Cloughduv
- Founded:: 1889
- County:: Cork
- Grounds:: Cloughduv GAA Grounds

Playing kits
| Standard colours |

Senior Club Championships
|  | All Ireland | Munster champions | Cork champions |
| Hurling: | 0 | 0 | 0 |
| Camogie: | 0 | 0 | 3 |

= Cloughduv GAA =

GAA club in Cork, Ireland

Cloughduv GAA is a Gaelic Athletic Association club located in Cloughduv, County Cork, Ireland. The club is affiliated to the Muskerry Board and the Cork County Board. As a sister club of Canovee and Kilmurry, Cloughduv is solely concerned with hurling.

==History==

Hurling had been played in the area since before the foundation of the Gaelic Athletic Association in 1884. Ryecourt GAA Club represented the Cloughduv area and was one of the 21 clubs that affiliated to the newly-established Cork County Board in December 1886. The club name became Cloughduv in 1889.

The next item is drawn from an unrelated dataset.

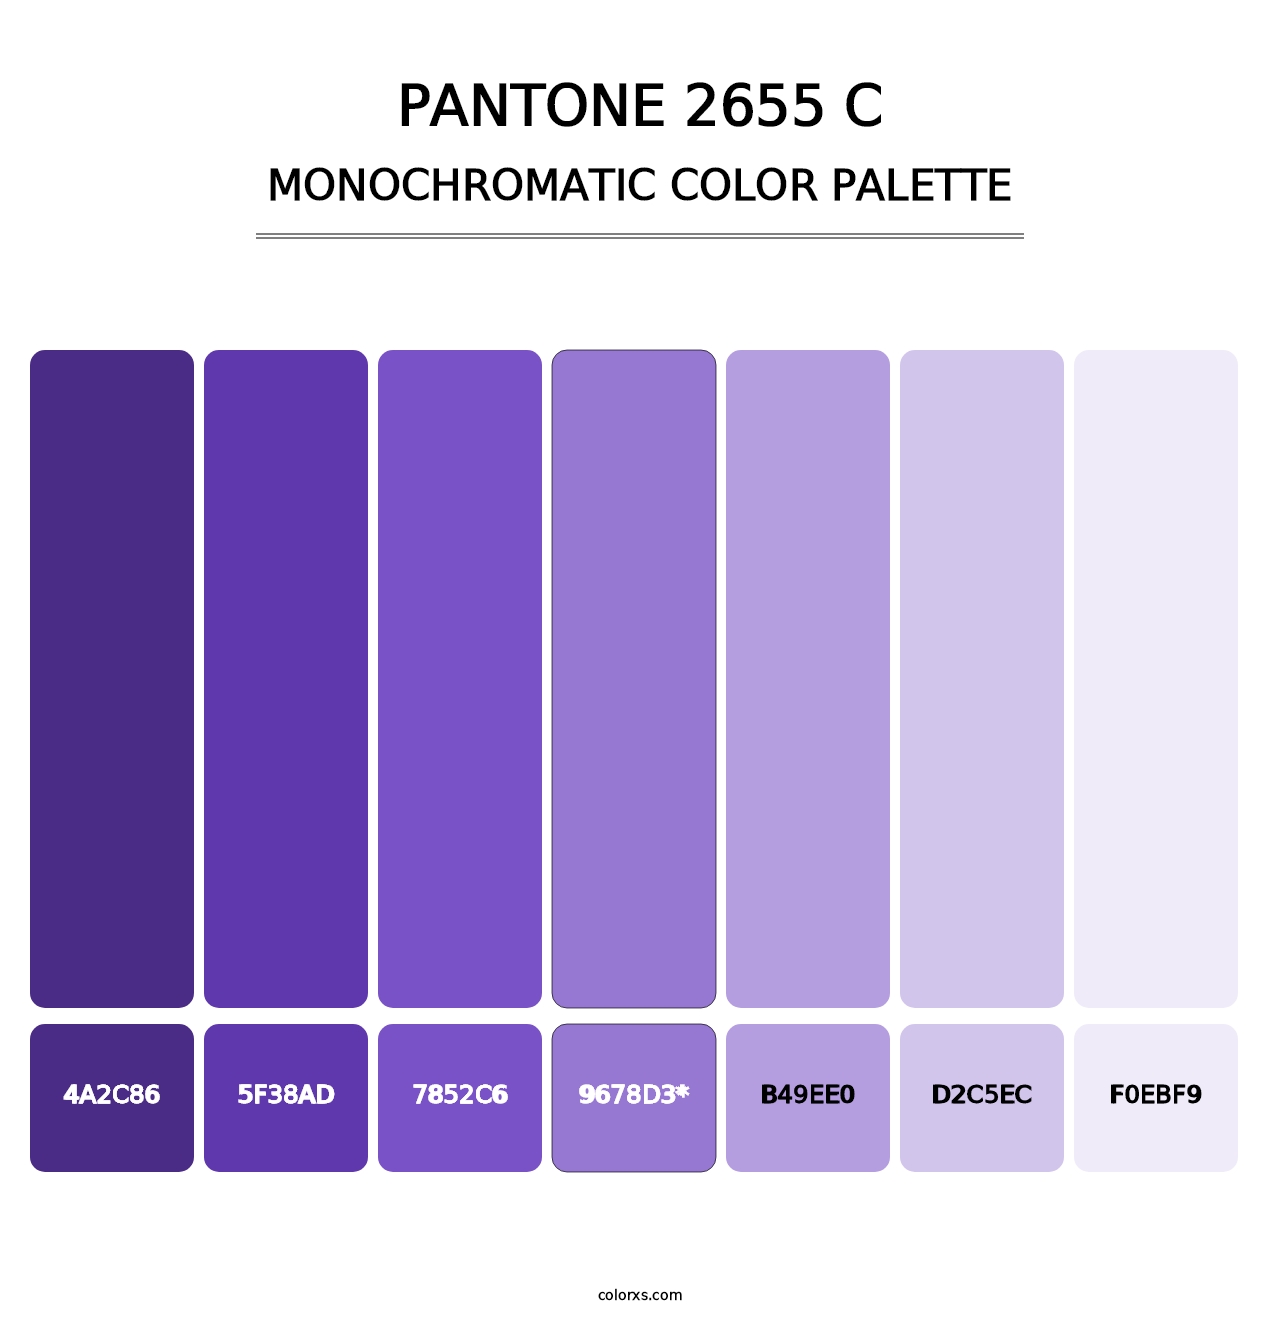 PANTONE 2655 C - Monochromatic Color Palette

Cloughduv had its first notable success in 1911, when the club won the Cork IHC title after a 6–02 to 3–01 win over Blackrock in the final. Further Cork IHC titles were claimed in 1941, 1973, 1983 and 1986. Cloughduv amalgamated with Bride Valley in 1928 to form a new club called Éire Óg, however, Cloughduv later broke away and returned to being a club in its own right.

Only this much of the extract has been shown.